Ishiguro and Le Guin: the Genre Gendarmes and Gender

On Monday, the ongoing conversation about "genre" fiction versus "literary" fiction received a jolt from two well-known and well-loved names. Beloved author and Fiction Unbound favorite Ursula K. Le Guin called out beloved author and Fiction Unbound favorite Kazuo Ishiguro for his remarks in a New York Times interview, in which he expressed some anxiety over fantasy-genre elements in his just-released novel, The Buried Giant.

 
“Will readers follow me into this? Will they understand what I’m trying to do, or will they be prejudiced against the surface elements? Are they going to say this is fantasy?”

"It appears that the author takes the word for an insult," Le Guin wrote on the blog for Book View Café, a publishing co-op for speculative literature. "To me that is so insulting, it reflects such thoughtless prejudice." She observed the 'surface elements' of fantasy--in the case of The Buried Giant, ogres, dragons, Arthurian knights, magic--are common to literary masterpieces such as Beowulf as well as "commercial hackwork," but fantasy, at heart, was about "drawing plausible impossibilities together into a vivid, powerful and coherent story."  She concludes:

Ursula K. Le Guin.  Photo by Jack Liu (2014).

Ursula K. Le Guin.  Photo by Jack Liu (2014).

 
I respect what I think he was trying to do, but for me it didn’t work. It couldn’t work. No writer can successfully use the ‘surface elements’ of a literary genre — far less its profound capacities — for a serious purpose, while despising it to the point of fearing identification with it. I found reading the book painful. It was like watching a man falling from a high wire while he shouts to the audience, “Are they going say I’m a tight-rope walker?”

We over at Fiction Unbound went nuts. Leave it to Le Guin, a hero of speculative literature, to rebuke the fantasy stigma in such stirring, uncompromising language. Fantasy novelist Scott Lynch started the hashtag #TotallyNotFantasy on Twitter, and there was much rejoicing.

It's just my luck that I pulled the straw for news editor this week. Ishiguro is one of my favorite authors, and so is Le Guin. I am distressed. Since the tide seems to be tending against Ishiguro, permit me to offer three brief, possible defenses:

1.  Authors may legitimately worry about managing expectations. If one is looking for a fantasy novel and opens Ishiguro--I say this confidently without having cracked open The Buried Giant yet--one will be disappointed. Readers who expected high-concept science fiction from Never Let Me Go did not get Orphan Black. If "they" say The Buried Giant is fantasy, if the publishers and marketers are "going to say it's fantasy," then readers may come in with a host of perfectly legitimate expectations that fail to pan out. If that's what Ishiguro was worried about, he has every right.

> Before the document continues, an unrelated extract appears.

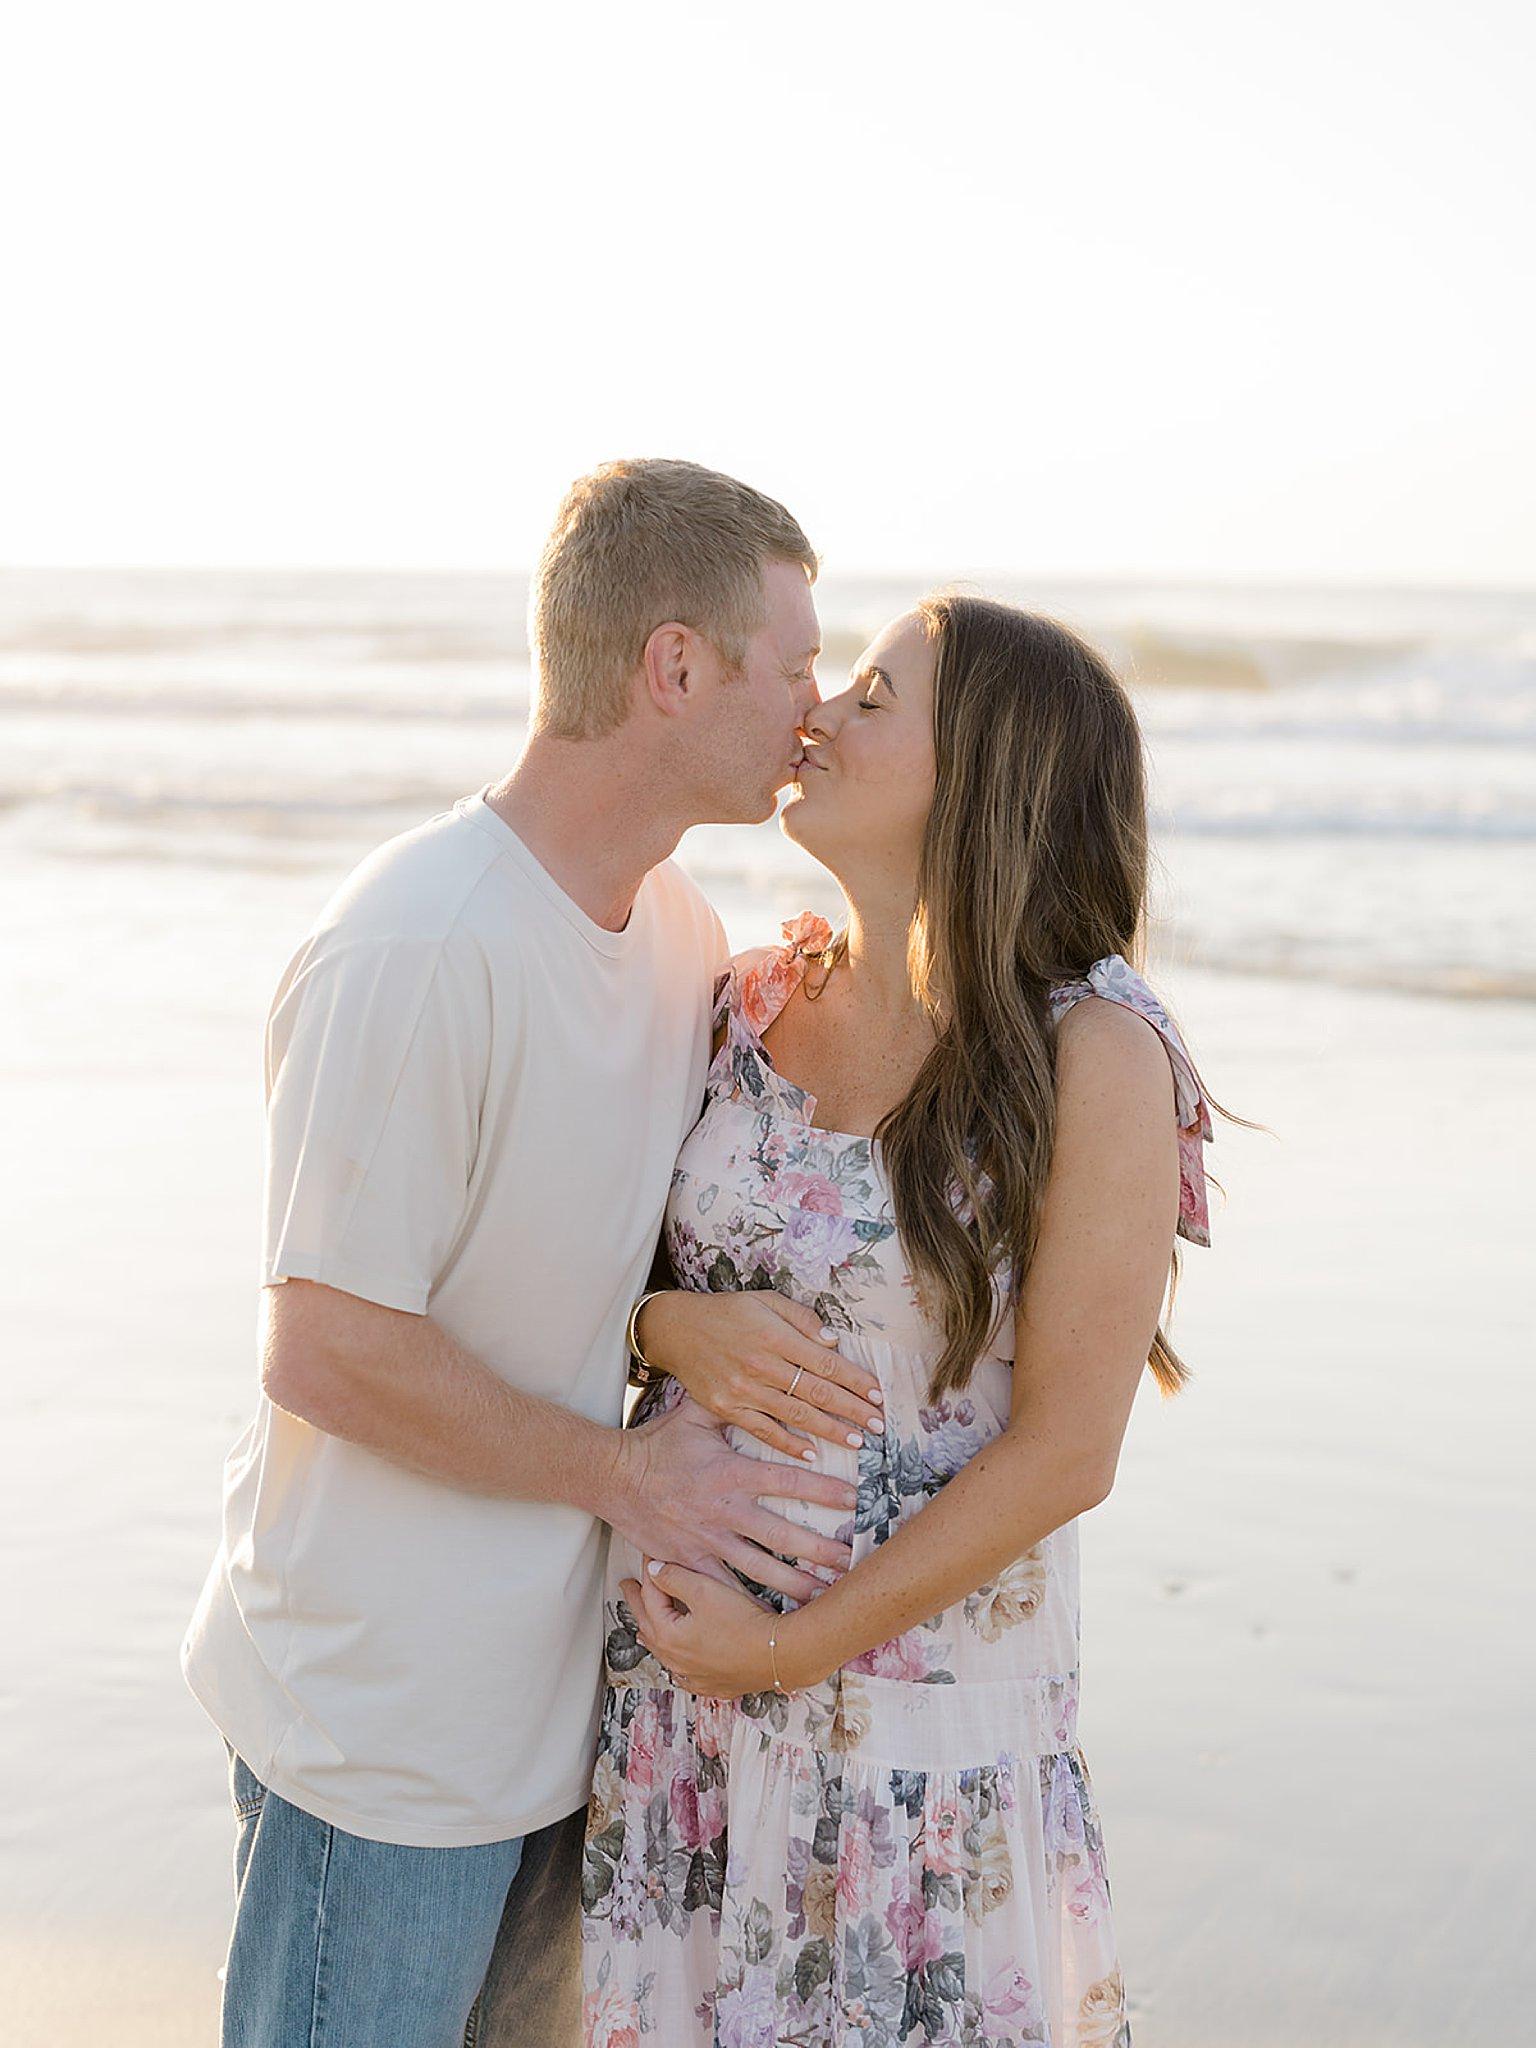 Ocean City NJ Gender Reveal Pregnancy Photography by Magdalena Studios 0021

Kazuo Ishiguro with the cast of the film adaptation of Never Let Me Go.  Photo by Bex Walton (2010).

Kazuo Ishiguro with the cast of the film adaptation of Never Let Me Go.  Photo by Bex Walton (2010).

2.  Authors don't have to agree with a stigma to fear it. It is indisputable fantasy novels face a stigma from the hoity-toities of "literary" fiction. David Mitchell got ridiculed in his New Yorker review for the fantasy 'surface elements'; Le Guin has also spoken powerfully about the literary establishment's dismissive attitude towards speculative fiction, for example in this terrific (old) interview in Guernica:

 
I am still mostly referred to (dismissed) as a “sci fi writer.” When Margaret Atwood writes a serious review of one of my books for the New York Times, it is printed under the title “The Queen of Quinkdom,” to make sure nobody takes it seriously. I am shortlisted for major awards, but the awards go to people like De Lillo and MacCarthy who also write science fiction, using the tropes and loci and metaphors of science fiction, but fastidiously keep their literary skirts from being defiled by the name of genre.

Let's say Ishiguro really does fear being identified with the fantasy genre. It's not like that's an irrational fear.

3.  This is distracting us from the important work of roundly condemning Jonathan Franzen. Every minute spent on #Ishiguin is a minute we could be devoting to #Franzenfreude. Won't someone think of the tweets?

ON THE OTHER HAND, there's another thread running through these genre wars, and that's gender. Le Guin lays it out plainly in the Guernica interview: men are forgiven their speculative elements more than women. Cormac McCarthy's The Road won the Pulitzer; Karen Russell's Swamplandia! literally lost to no one. So, when Ishiguro shies away from the fantasy genre, to what extent is he exercising a gendered privilege of "transcending," "superseding," or just plain being excused from the genre stigma?